Читаем Два конца иглы (О прозе Юрия Дружникова) полностью

У Дружникова дело не в вожде, а в «системе», вождем увенчанной. «Технология сотворения великой лжи» — вот что его интересует. По степени интереса к работе «административно-командного» механизма роман Дружникова перекликается с «Новым назначением» Александра Бека. Тема дезавуированной фасадной словесности сближает его с написанным Ф. Розинером «Финкельмайером» (с тем уточнением, что Розинер, прочитал «Ангелов на кончике иглы» до того, как он кончил свой роман). Еврейский же «вопрос» (у Дружникова олицетворяет собой хитроумный циник Раппопорт) заставляет вспомнить пронзительную повесть Г. Демидова «Фоне квас», ходившую в 60-е годы в списках. Сам Дружников (если учесть жанровый ход с цитированием в романе стихов простодушного умника З. К. Морного) ориентировался на «Доктора Живаго».

Впрочем, если вспомнить, что сошедший со страниц «России в 1839-м» маркиз де Кюстин оживает и совершает фантастические действия (ночью появляется в гостях у редактора «Трудовой правды» Макарцева, пытается шпагой защитить Ивлева от агентов ГБ и забирает умирающего в своем кабинете Макарцева то ли в рай, то ли в ад), — то сочинивший это автор явно ориентируется уже на «Мастера и Маргариту» Булгакова.
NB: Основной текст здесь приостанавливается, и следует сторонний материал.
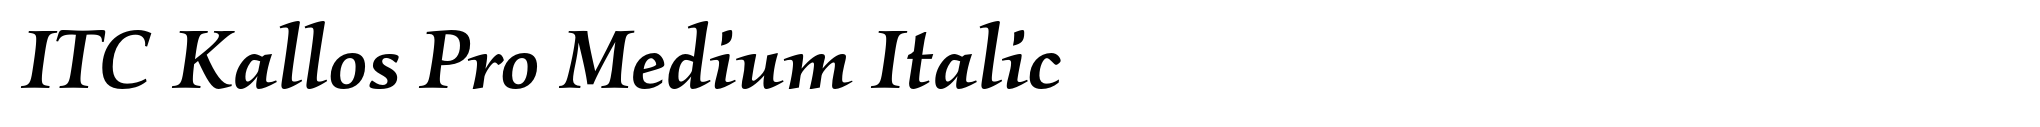 ITC Kallos Pro Medium Italic image

Иными словами, роман Юрия Дружникова хорошо вписывается в контекст зарубежной русской прозы позднесоветских времен, но проблемой остается контекст прозы отечественной. Отечественная проза в 70-е годы (Шукшина вспомните) скорее пыталась нащупать почву под ногами, чем пересчитать членов Политбюро. В 80-е, когда старики посыпались на свалку истории, наверх стали пробираться циники совсем другого сорта. А там и земля загорелась: в 90-е, когда изъятые тексты вернулись в Россию, они потеряли эффект не только шарады, но и запального бунта, ибо бунт в России произошел без них.

Тогда Юрий Дружников и заметил с горечью, что его роман «из хроники современной жизни» превратился в роман «исторический». И прибавил с иронией: дескать, «не к месту шутил, не вовремя звонил в колокол». Насчет «хроники» он, конечно, скромничает. Что же до шуток и звона, то в романе историческом эти эффекты становятся чертами пережитого опыта и приобретают таким образом новую ценность. Так что подождем сдавать «Ангелов на кончике иглы» в исторический архив. Прочтем их заново и попробуем вписать в контекст сегодняшний.
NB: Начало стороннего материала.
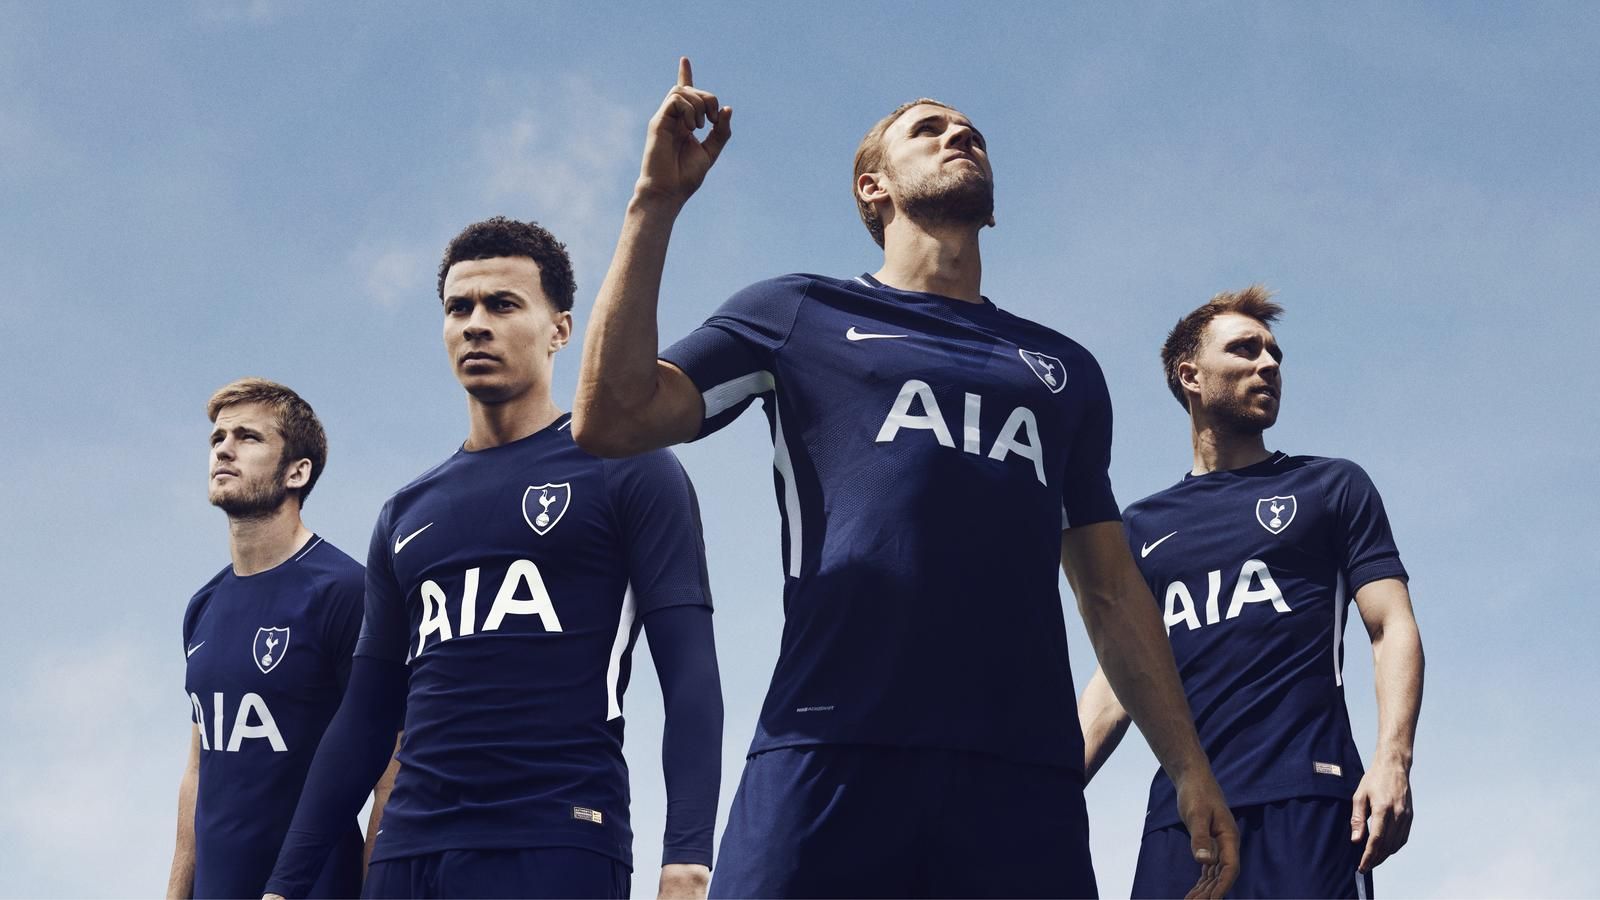 Nike Tottenham 2017-18 Third Authentic Match Jersey

Сегодня, на рубеже веков и тысячелетий, роман не утрачивает актуальности. Но в 1999 году это совсем не та актуальность, которую закладывал автор в текст 1979 года, описывая события 1969-го.

Итак, девять с половиной недель из жизни редакции крупной московской ортодоксальной советской газеты. Система лжи, взлетающей с редакторских столов вверх, к верхним этажам власти. Дутые ценности, брехня в роли правды, всеобщий добровольный идиотизм, тотальное торжество мнимости.

В ячейках этой дурацкой сети — то ли полновесным уловом, то ли застрявшим мусором — «объективки»:два десятка мгновенных портретных зарисовок, стилизованных в том же «дурацком» стиле, — то ли это характеристики из отдела кадров, то ли автобиографии, приложенные к анкетам, то ли отчеты сексотов о задушевных беседах с «объектами наблюдения». Художественный прием срабатывает: минус на минус дает плюс; в сетях мнимой реальности оказывается реальность подлинная — в сетях партпроса, в сети партучета, в сети осведомителей… (Интересно, что сеть — ключевое понятие системы, напоминающее сито, которым дурак вычерпывает болото… впрочем, между дураком и умным в этом занятии разницы нет.)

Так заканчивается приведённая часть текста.